Please note: This PhD defence will take place online.
Vasisht Duddu, PhD candidate
David R. Cheriton School of Computer Science
Supervisor: Professor N. Asokan
Machine learning (ML) models are increasingly being deployed for client-facing services (e.g., chatbots, search engines, and browsers), high-stakes decision-making applications (e.g., healthcare and criminal justice), and as part of larger systems (e.g., autonomous vehicles and operating systems). However, to deploy ML models for a particular application, practitioners need to address various deployment concerns including (i) infrastructure issues (e.g., latency, throughput, interoperability, scalability), (ii) model design (e.g., high utility and generalization, low overfitting, hyperparameter tuning, data processing), (iii) environmental impact (e.g., reducing carbon emission, water and power consumptions by data-centers), (iv) adversarial and societal risks (e.g., security, privacy, safety of clients, unfairness, poor transparency, misalignment, misinformation, and cyberattacks), and (v) enabling governance (e.g., verifying claims by practitioners, and regulatory compliance). I focus on two deployment concerns—adversarial and societal risks, and enabling governance—and address unintended interactions and accountability within these respective concerns. I present them as two parts of the thesis.

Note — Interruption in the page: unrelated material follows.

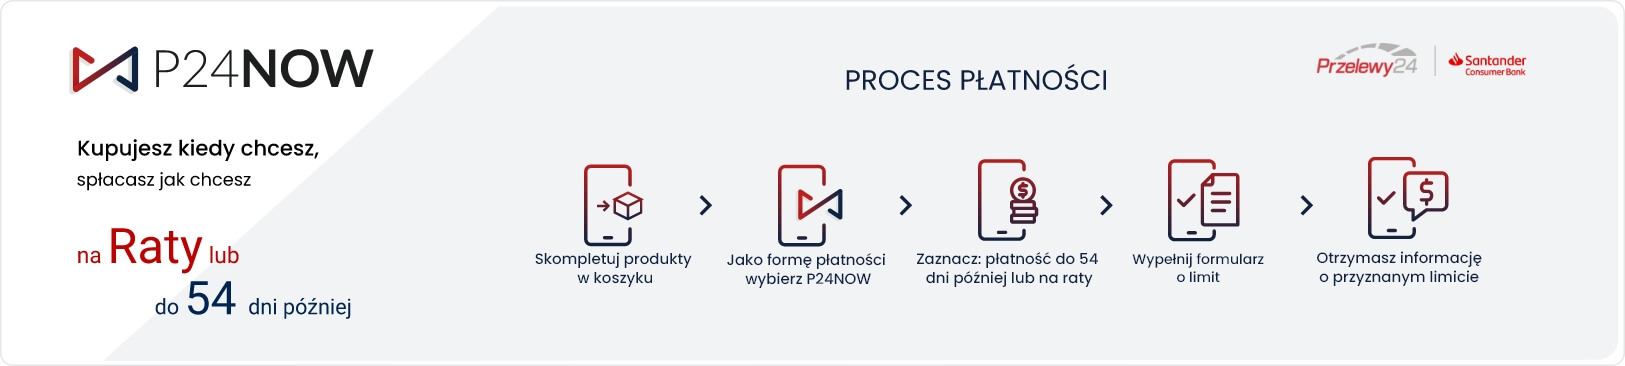 P24 proces platnosci

(Part-1) Unintended Interactions in Machine Learning: Existing literature has identified and exploited various risks to security, privacy, fairness, transparency, and safety. While substantial prior work explores the design of defenses against individual risks in isolation, this is not sufficient for real-world ML models which must protect against multiple risks simultaneously. This requires practitioners to address unintended interactions that emerge when protecting against multiple risks. A systematic understanding of such interactions is lacking and I identify the following unintended interactions: (a) a defense against one risk may increase or decrease other unrelated risks; (b) conflicts among defenses can decrease their effectiveness when combined; and (c) collusion among adversaries can allow exploiting one risk to increase others. I propose frameworks to identify factors underlying such interactions, and present guidelines to conjecture about unexplored ones.
(Part-2) Accountability in Machine Learning Pipeline: Practitioners must often demonstrate properties of an ML model, its training process, and its training data, to a verifier (e.g., regulator or customer). Such claims are typically communicated via ML property cards (e.g., model, data, and inference cards). I propose ML property attestations, technical mechanisms that allow provers (e.g., model trainers) to demonstrate these properties to verifiers, while ensuring confidentiality of the proprietary model and data. I show that existing software-based attestations are either inefficient (e.g., cryptographic mechanisms), or ineffective and easily evaded (e.g., ML-based mechanisms). I then identify hardware-assisted mechanisms using trusted execution environments as an efficient and effective alternative for providing ML property attestations. This can be used for verifiable ML property cards, ensure accountability of practitioners' claims, and also show compliance with regulations.